PHP 5.5+: use password_hash()
PHP 5.3.7+: use password-compat (a compatibility pack for above)
All others: use phpass
Don't do it yourself. If you're creating your own salt, YOU'RE DOING IT WRONG. You should be using a library that handles that for you.
$dbh = new PDO(...);
$username = $_POST["username"];
$email = $_POST["email"];
$password = $_POST["password"];
$hash = password_hash($password, PASSWORD_DEFAULT);
$stmt = $dbh->prepare("insert into users set username=?, email=?, password=?");
$stmt->execute([$username, $email, $hash]);
And on login:
$sql = "SELECT * FROM users WHERE username = ?";
$stmt = $dbh->prepare($sql);
$result = $stmt->execute([$_POST['username']]);
$users = $result->fetchAll();
if (isset($users[0]) {
if (password_verify($_POST['password'], $users[0]->password) {
// valid login
} else {
// invalid password
}
} else {
// invalid username
}
You are using "get" as your form submission method. "post" variables won't be recognized.
Also...
It looks like you're missing the second parameter of your mysql_query() function which is your link identifier to the MySQL connection. I'm assuming you've created the connection in connection.php.

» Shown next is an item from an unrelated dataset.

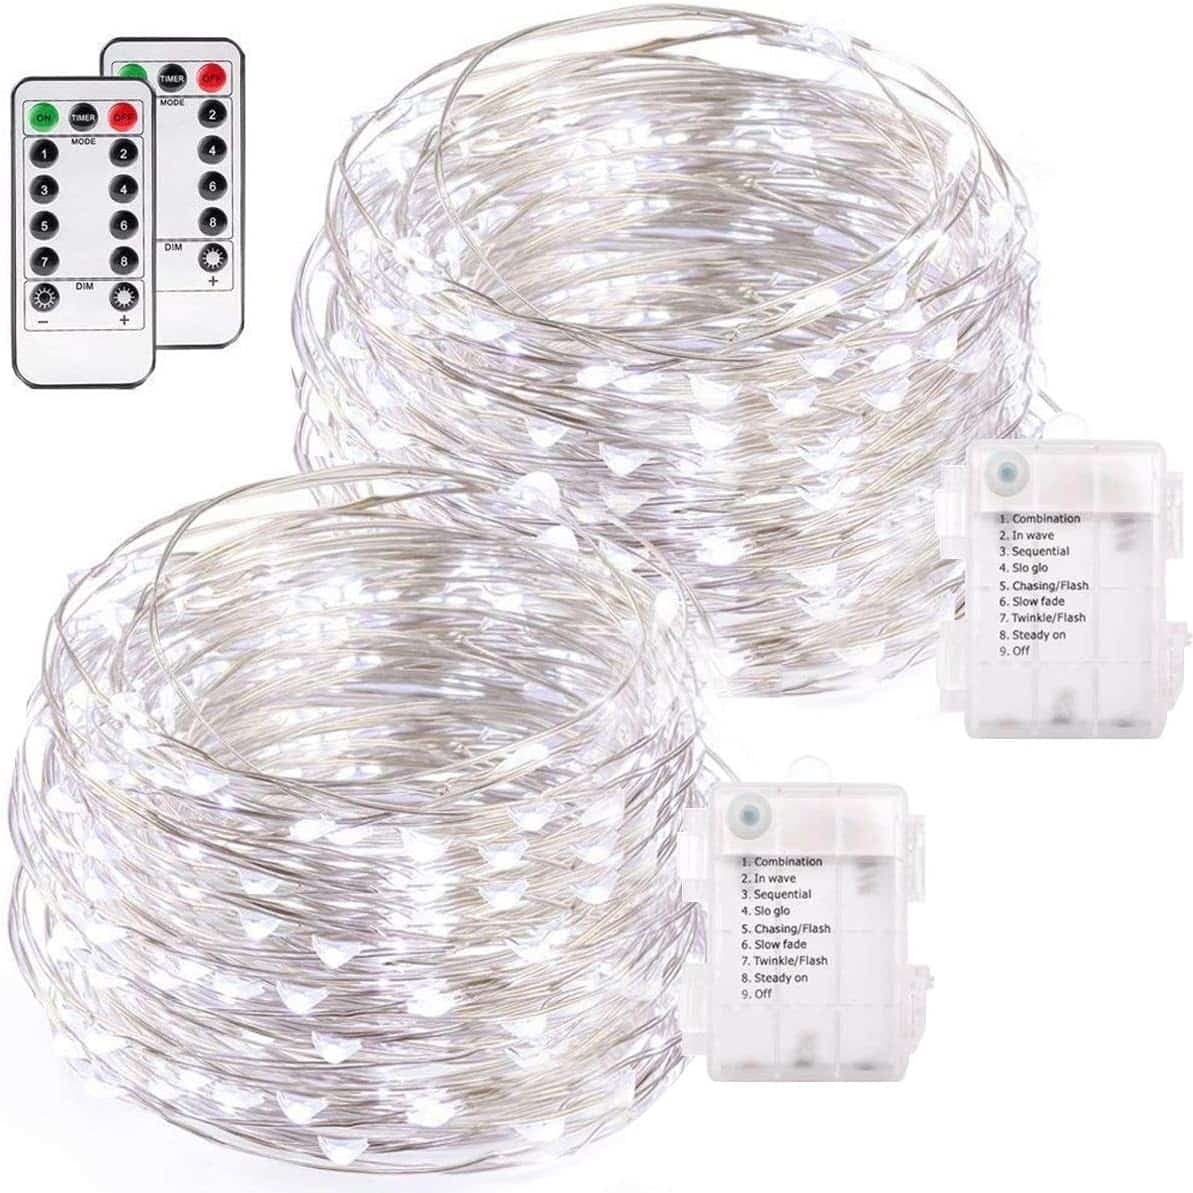 buways Fairy Lights,2-Pack Battery Operated Waterproof Multicolor 50 LED Fairy String Lights,16.4ft Silver Wire Light with Remote Control for Christmas Parties,Garden and Home Decoration

Typically, the mysql_query() function would be
$result = mysql_query($query, $conn);
with $conn having been pre-defined in your connection.php file.
password is a special word in MySQL, and it might be necessary to put the word in quotes like `password`.
Why are you putting all the information from the form in the link on submit? ex: account_create_submit.php?username=myusername&password=mypassword&isadmin=0
I can see that $username = $_POST['username']; doesn't match the username in your query string.
$query = "INSERT INTOusers(user_name, password, isadmin) VALUES ('$username', '$password', '$isadminB')";
While your fixing that why don't you just make $isadminB and $_POST['isadmin'] the same. Use 'isadminB' in both places.
Check that out and see what happens!